The real issue though is the message of the film. I just can’t tell if it is supposed to be spoofing rock and the culture or the opposition or the corporate influence, or if it means exactly what it seems to be saying or if it is intended to be ironic. I mean, this is a story about a musician presented as the embodiment or avatar of rock and roll, whose quest for the ultimate great rock song culminates in the “discovery” and performance of what has become one of the most overplayed songs in Hollywood, “Don’t Stop Believing”. Though, I have to admit, as someone who has never been a big fan of the song, it is starting to grow on me with every TV show and movie in which I see it performed.

In another confusing bit, the female lead character (played by Julianne Hough, who seems a bit in danger of becoming genre-typecast with her only notable movie credits being this and a remake of “Footloose” ) is encouraged to become a stripper in what seems to be an appeal to the versatility and freedom of expression offered by the “art”, but this scene is juxtaposed with her love interest separately being pressured to give up his rock persona and embrace a more commercialized style of performance. So is the girl really being encouraged to break out of her small-town, good-girl shell in order to find her inner rocker (and if stripping is really the way to finding your inner rocker, maybe the church ladies have a point? ), or is her transition supposed to highlight the “prostitution” the male character is succumbing to? Shortly after that scene(s), the two characters meet, and the girl tells the guy “I’m a stripper” and he replies that he is in a boy band, which she notes is worse. Because musical theater fans might not have got that subtly portrayed joke until it was explicitly stated in dialogue?

What is more interesting in my mind, which that part touches on, is this apparent petulance on the part of performing artists that the entertainment industry can be described using either of those words. They really seem to resent that they are asked to entertain or that they are part of an industry.
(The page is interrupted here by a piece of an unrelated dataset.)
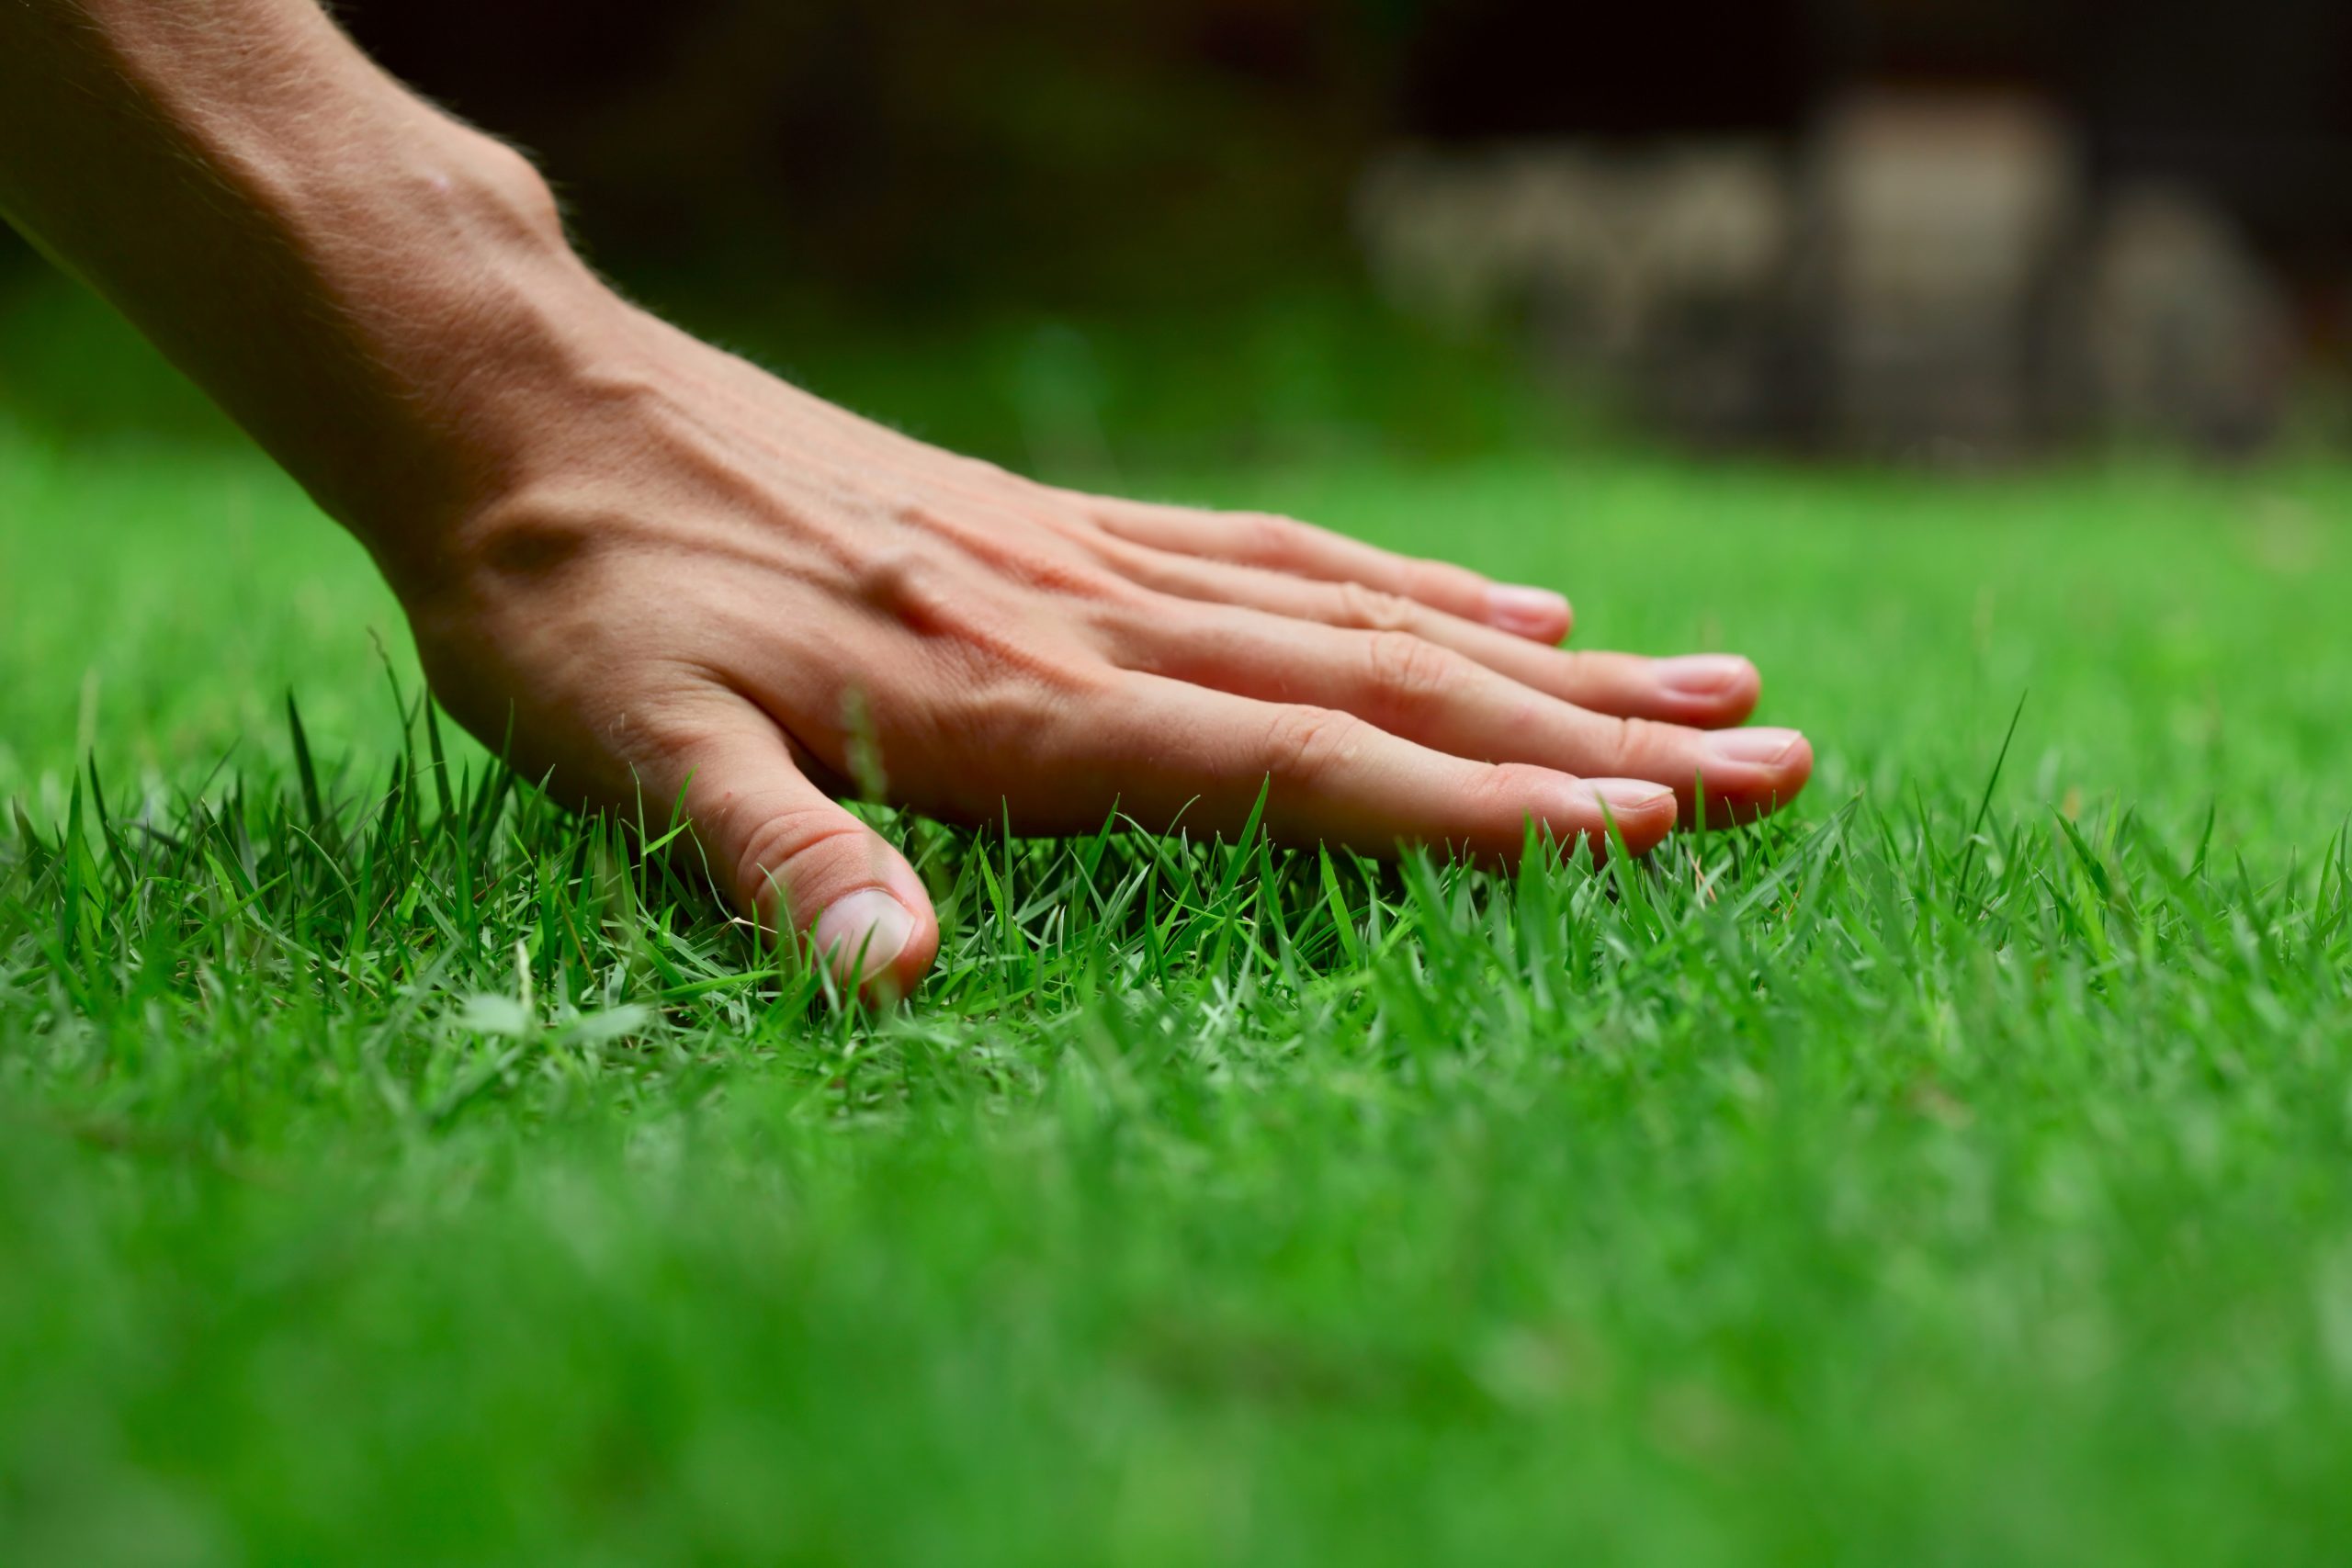 Lawn Care: What Do I Need To Do With My Lawn in June?
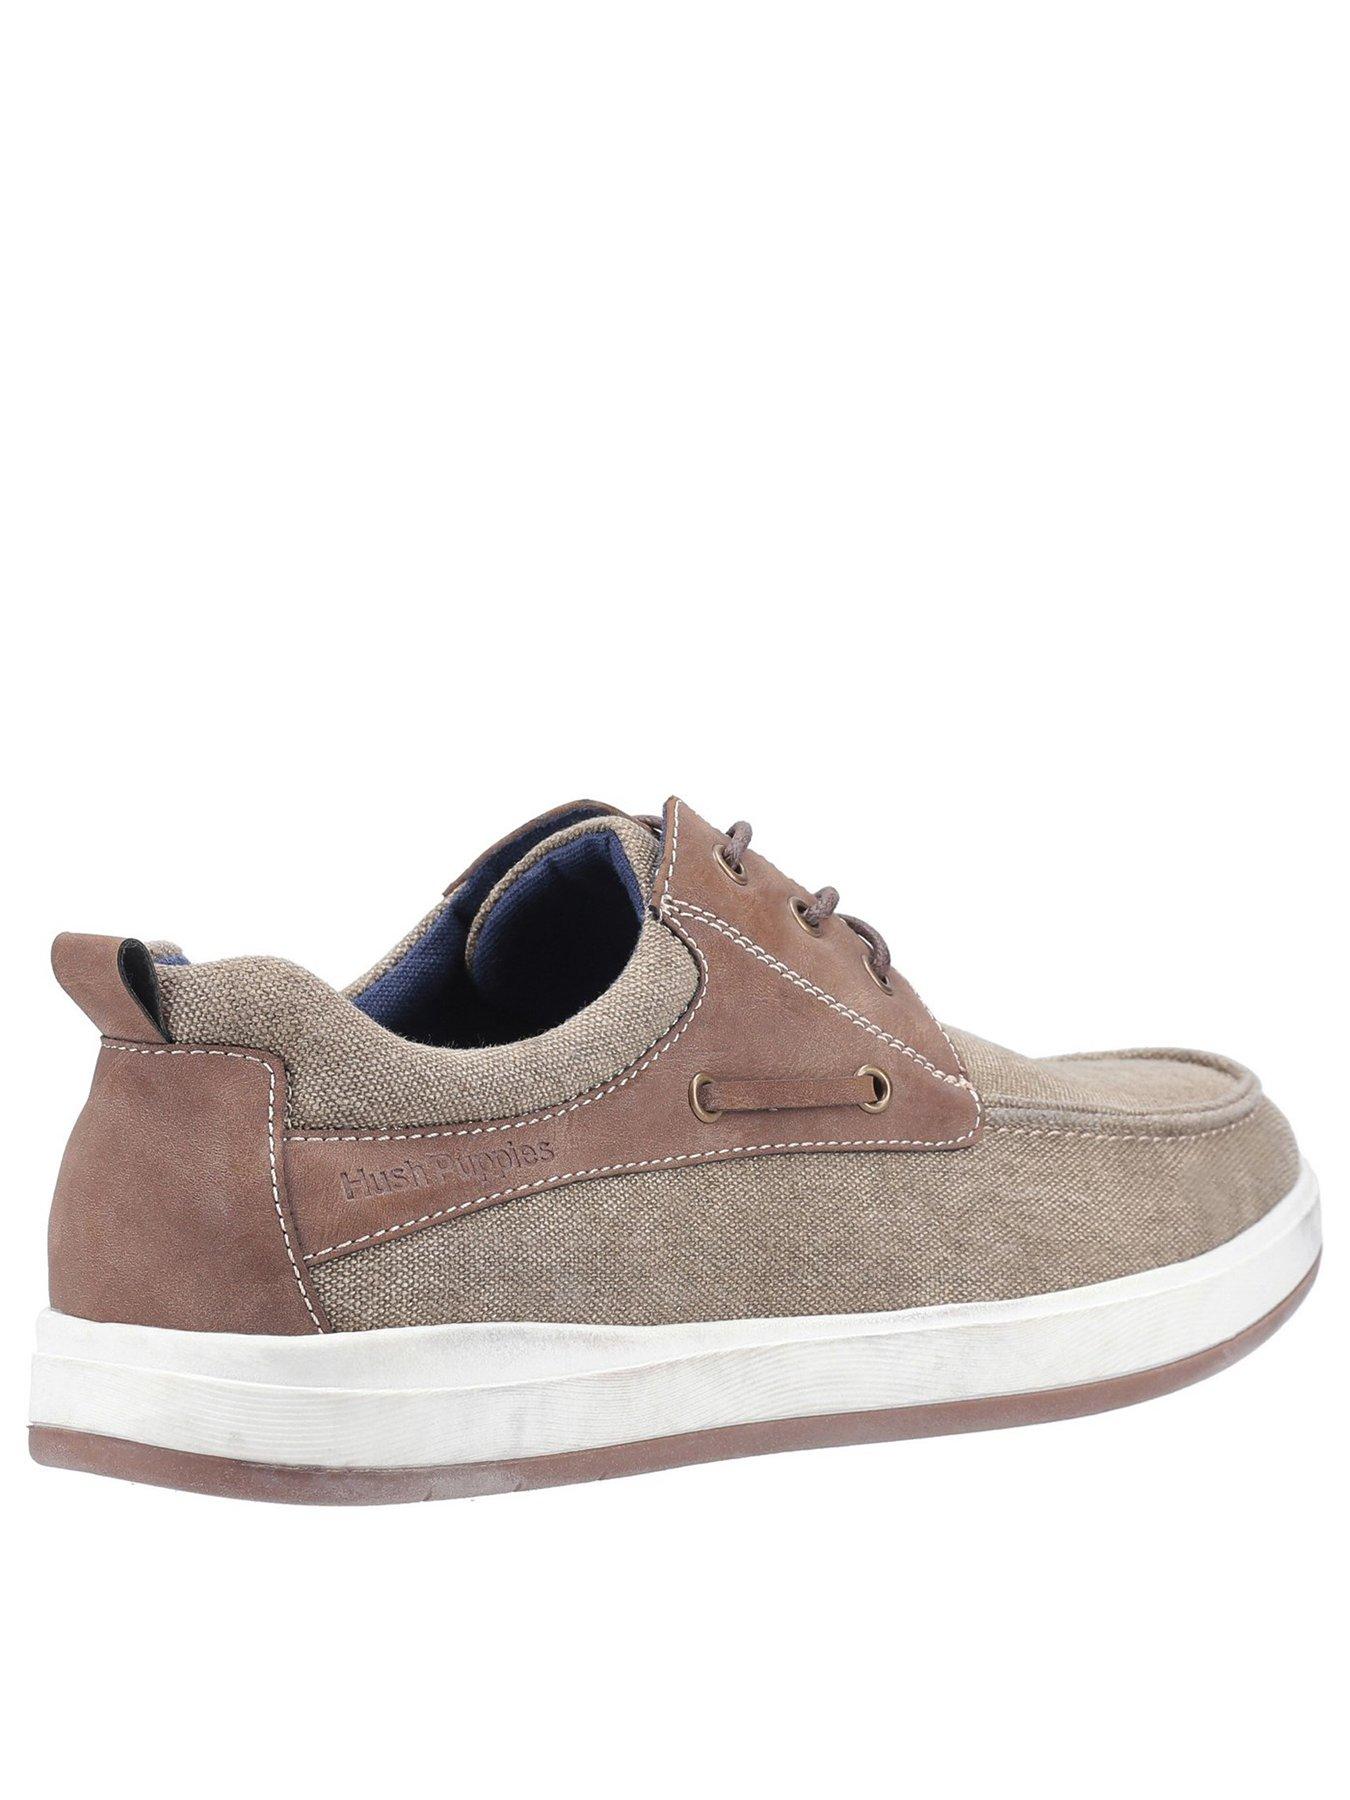 Hush Puppies Aiden Boat Shoes - Khaki | very.co.uk

Sure, they would prefer to be a member of the “receive approval, admiration and lots of money for saying and doing whatever I feel like” racket but who wouldn’t? The rest of us accept that we have to give something to get something, and we don’t use our jobs to whine to the customers about having to serve them.

“Rock of Ages” compares commercialized music to prostitution while overlooking the fact that in some eras, all actors and popular musicians were viewed as near-equivalents of prostitutes (IIRC, that’s why Shakespeare didn’t use actresses – not out of sexism, but because you just didn’t induce a decent woman to perform on a stage). And when you paint your face, put on clothing you’d never wear in normal circumstances and do or say absurd things solely for the visceral gratification of strangers, you are not in much of a position to go around flinging the prostitute label.

Another thing I found instructive was the portrayal of the other antagonistic force in the movie, religious opposition to rock music, wedded to (literally in this case) political clout. For such badass rebels who don’t care what anyone thinks, the artistic community sure does get agitated when they are not universally embraced. I mean the whole point of rock and roll (especially the vision of rock and roll as promulgated by works such as this film) was a thumb in the eye of traditional values and religion. They are pretty much complaining that religion and family values types are having the audacity to fight back. What is more, the film is set in 1987 and released this year, and in either time, complaints about the threat posed to rock and roll and its millionaire musicians and producers by Christianity either smacks of absurdity or suggests there is actually something to this Christianity stuff after all, like maybe they do possess some profound truth or are tied in to some greater force in the universe. How else could such a universally reviled or mocked group pose a threat to what is pretty much the entertainment and cultural establishment in our society?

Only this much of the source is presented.